The primary momentum which pushes young ones towards education is a passion for learning and a curiosity towards the world. The student loses interest in studies when the passion gets destroyed. Children in impressionable age require proper support from their family and schools to help the passion flourish.  All the kids who have adequate support system complete their primary education and higher studies and are able to pursue the career of their choice. There are also students with very few options, students whose passion gets killed in a process of survival. In developed countries majority of the dropouts occur due to a lack of interest. In India students drop out due to their financial conditions. Most of the students dropping out come from economically weaker strata of the society.

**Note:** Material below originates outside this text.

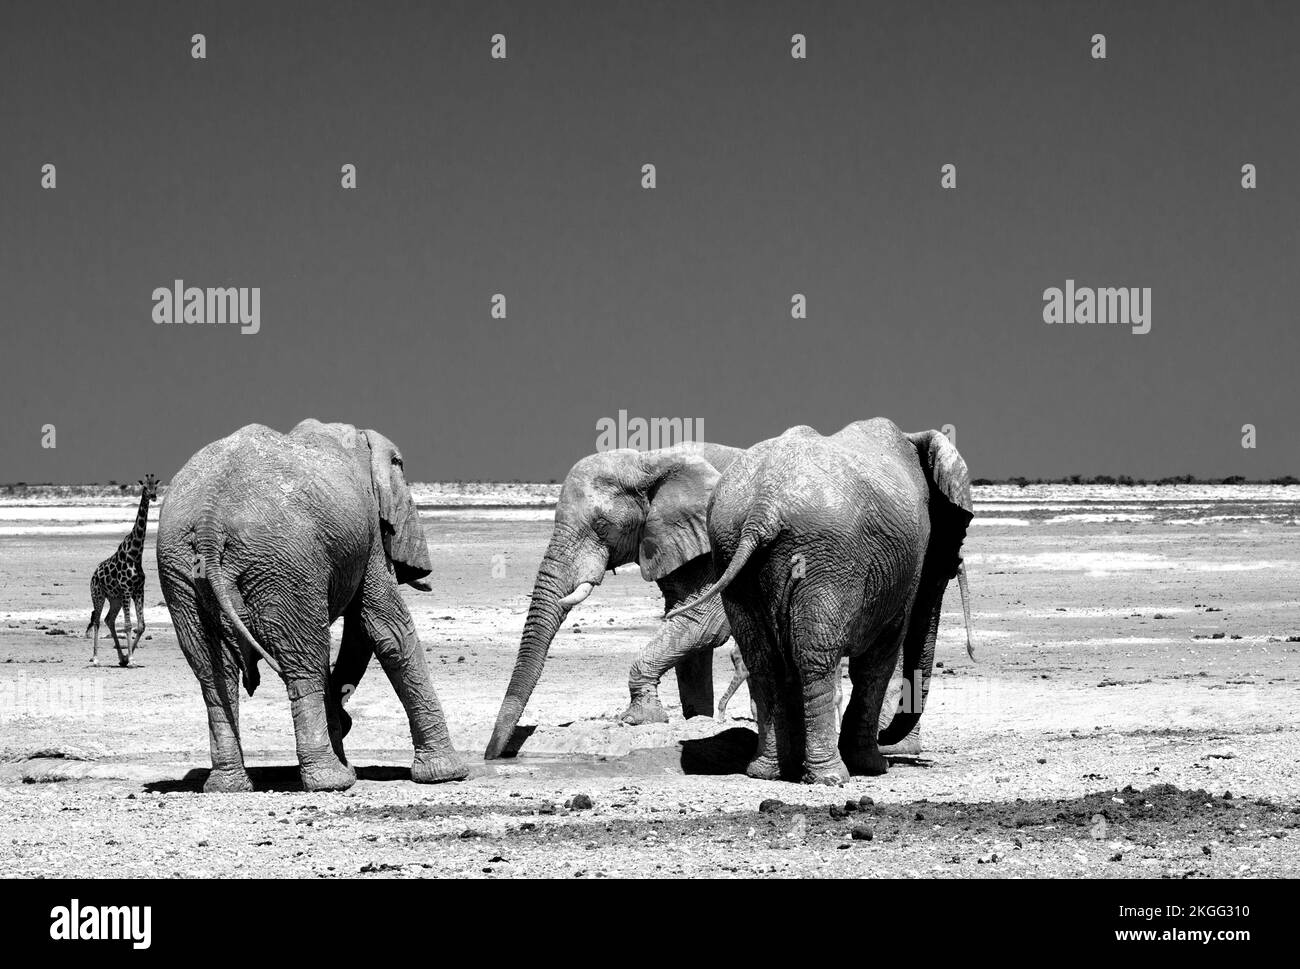 Three Bull African Elephants stand near a small waterhole, while a lone giraffe looks on in the background Stock Photo
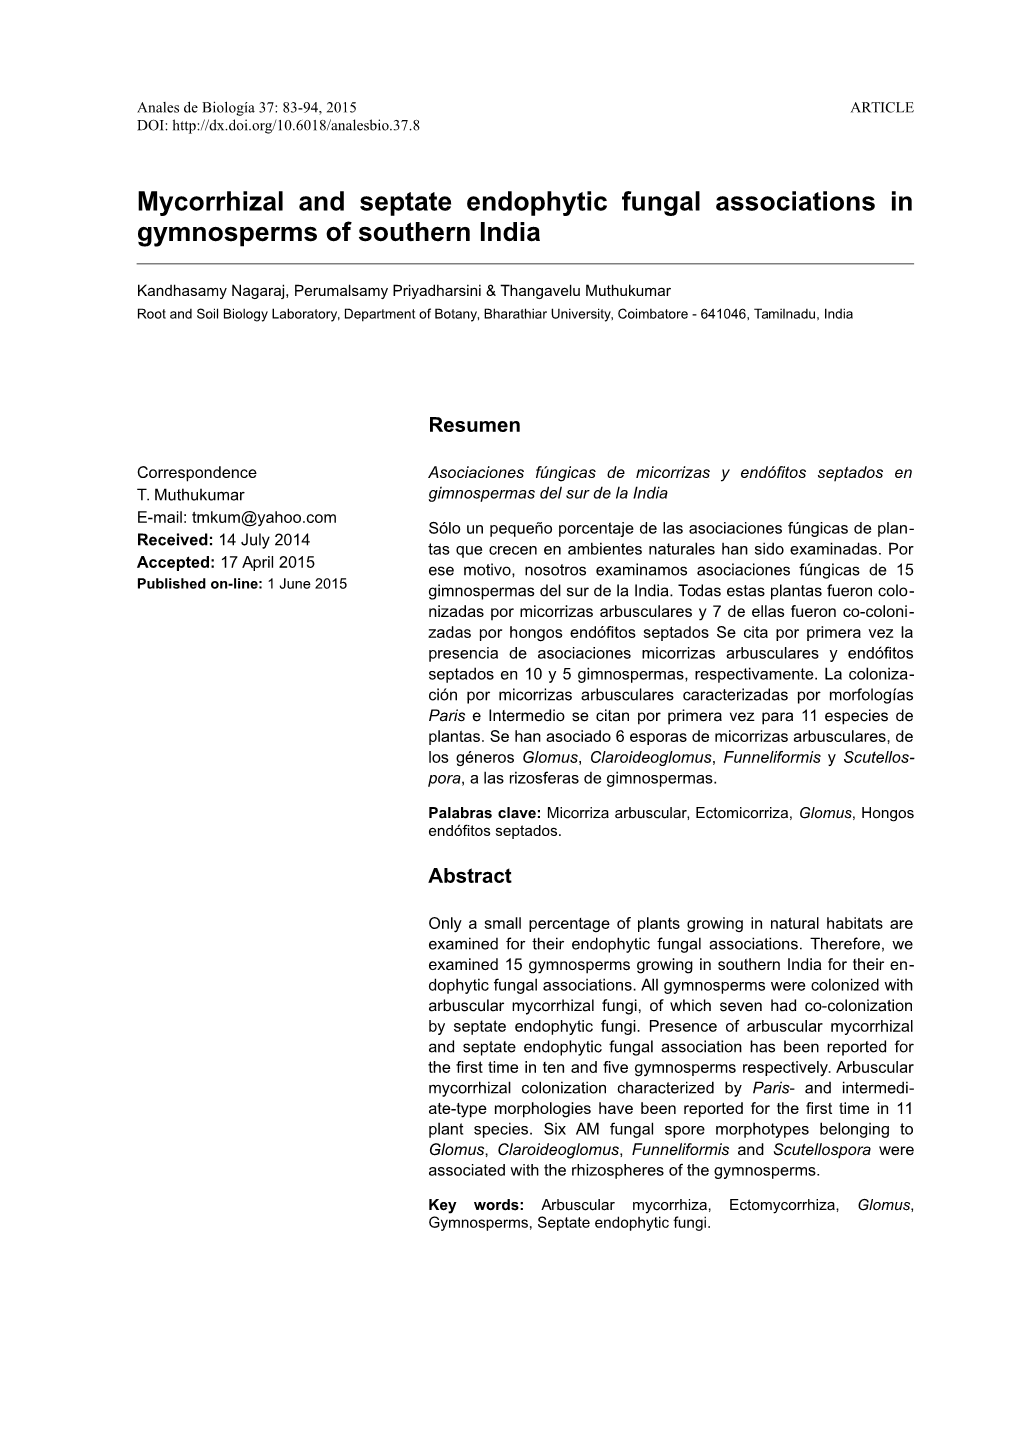 Mycorrhizal and Septate Endophytic Fungal Associations in Gymnosperms of Southern India

Schools also contribute towards the drop out of students. The government run public schools lack adequate infrastructure, causing a significant portion of the population to turn towards private schools. The education quality available to a child gets decided by the family’s ability to spend, creating a vast difference between the education received by the rich and poor. Most of the economically weaker children have to use the poor government provided facilities. Education in government schools is significantly worse than an average private school. The situation gets exacerbated by the lack of check on the education quality, aided by the automatic promotion of all students in the early classes. Testing by organisations like Education Initiatives have highlighted the abysmal condition of the government schools, with most of the students far below their actual grade levels in core subjects. Due to the poor education of government schools many students drop out as they don’t find them as valuable.

Schools should ideally prepare students for their future lives. The basic need for a human being is livelihood, for which human being needs money for their survival. In reality school education gives more stress on grades instead of what a child assimilates in the process of being educated. The letters A, B, C, which a child learns in kindergarten sticks with them throughout the journey and creates an illusion that these grades are necessary for good jobs. Students with faltering grades feel that they are unsuitable for further studies and drop out.

The government has taken certain actions to safeguard everyone right to be educated. Article 30 gives all minorities a right to establish and administer institutions of their own choice. Amendment in Article 21 (made  was made to change free and compulsory education as a fundamental right to all children aged between 6-14 years. Article 15, 17, and 46 are to safeguard the educational interests of weaker sections of the society These comprise socially, economically, and educationally backward families. But only policies are not enough to properly tackle the issue of dropouts. Additional laws

The two pillars of a future-proof education: #1 Teach kids how to lead. #2 help them learn how to solve interesting problems. – Seth Godin.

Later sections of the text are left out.